The agreement follows a dispute that kicked off in 2006, when LVMH sued eBay, accusing it of selling counterfeit goods on the ecommerce site and saying that the sale of genuine LVMH perfumes through unofficial sales channels was damaging to its business.
The action resulted in a French court ordering eBay to pay LVMH €38.5m (£30.51m), but in 2008, following an appeal, that sum was reduced to €5.7m.
Four years later, a French court of appeal ruled that the court did not have jurisdiction over eBay’s US website, but judgement was upheld with regard to the company’s UK and French sites.
But this week, years of legal to-ing and fro-ing has been brought to a close with a settlement to the litigation.
In a joint statement, Michael Jacobson, eBay’s senior vice-president and general counsel, and Pierre Godé, LVMH’s vice-president, said: "Thanks to our joint efforts, consumers will enjoy a safer digital environment globally."

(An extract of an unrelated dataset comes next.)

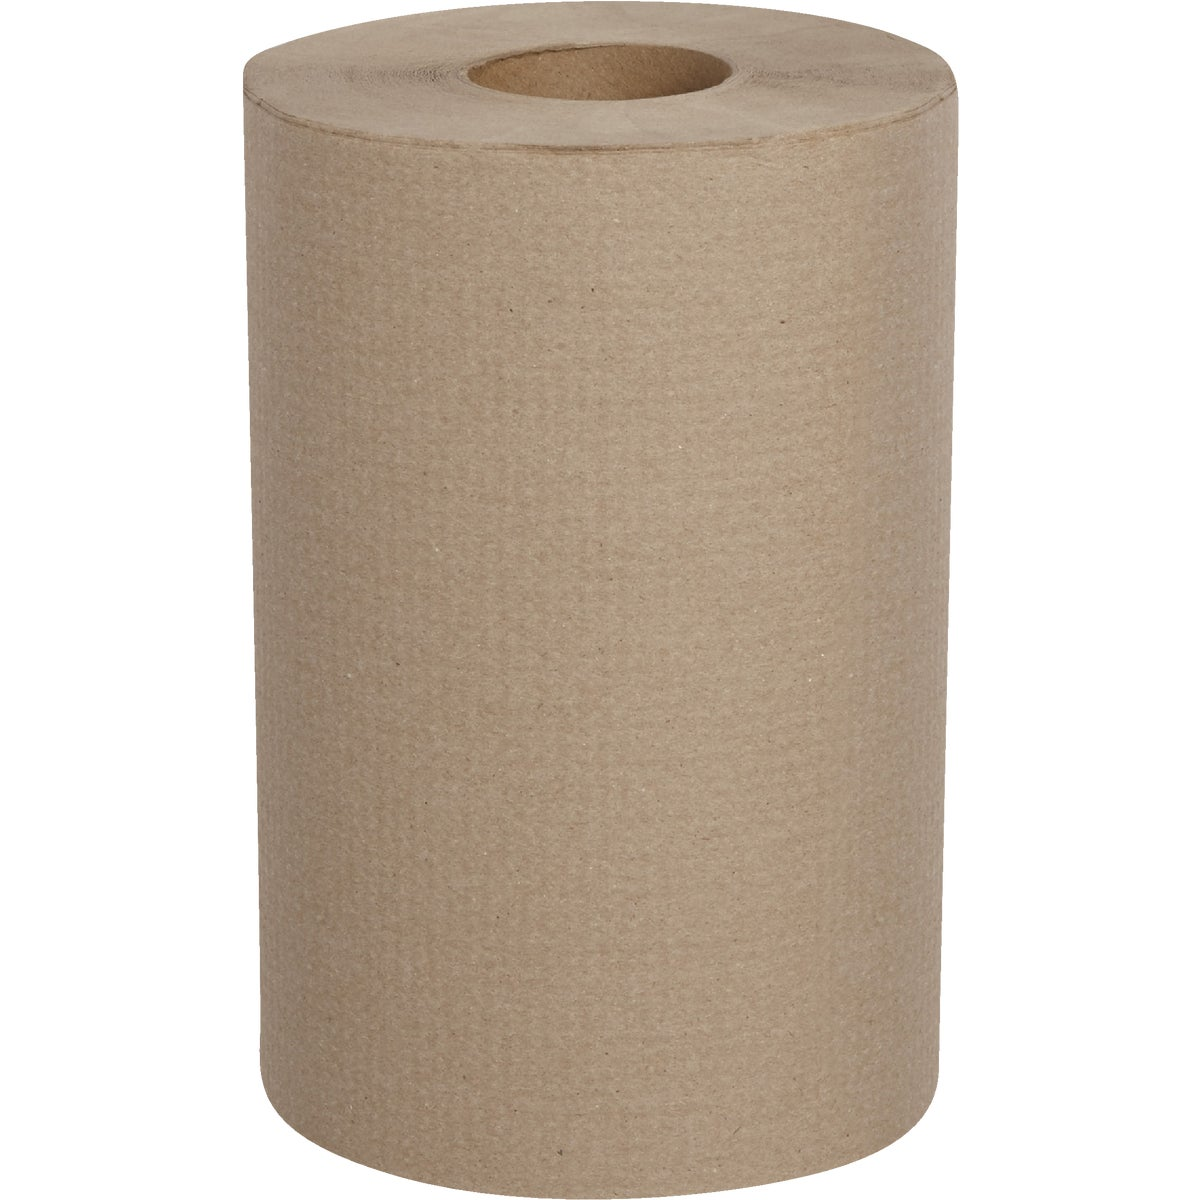 Towel Roll

Commenting on the settlement, Gary McIlraith, chief executive of online brand specialist NetNames, said: "The luxury goods sector is the tip of the iceberg and is arguably the industry where counterfeit detection and enforcement on the internet is most developed.
"In the first six months of this year, NetNames removed websites and online marketplace listings selling counterfeit luxury goods with an estimated value of over £450m.
"To avoid falling into the ‘black hole’ of e-crime, businesses need to identify the biggest threats facing their individual brands, prioritise those that pose the greatest risk and proactively take down infringements.
"Only then is it possible to start taking steps that protect the value of the brand online, safeguard consumers and avoid losing sales to fraudsters."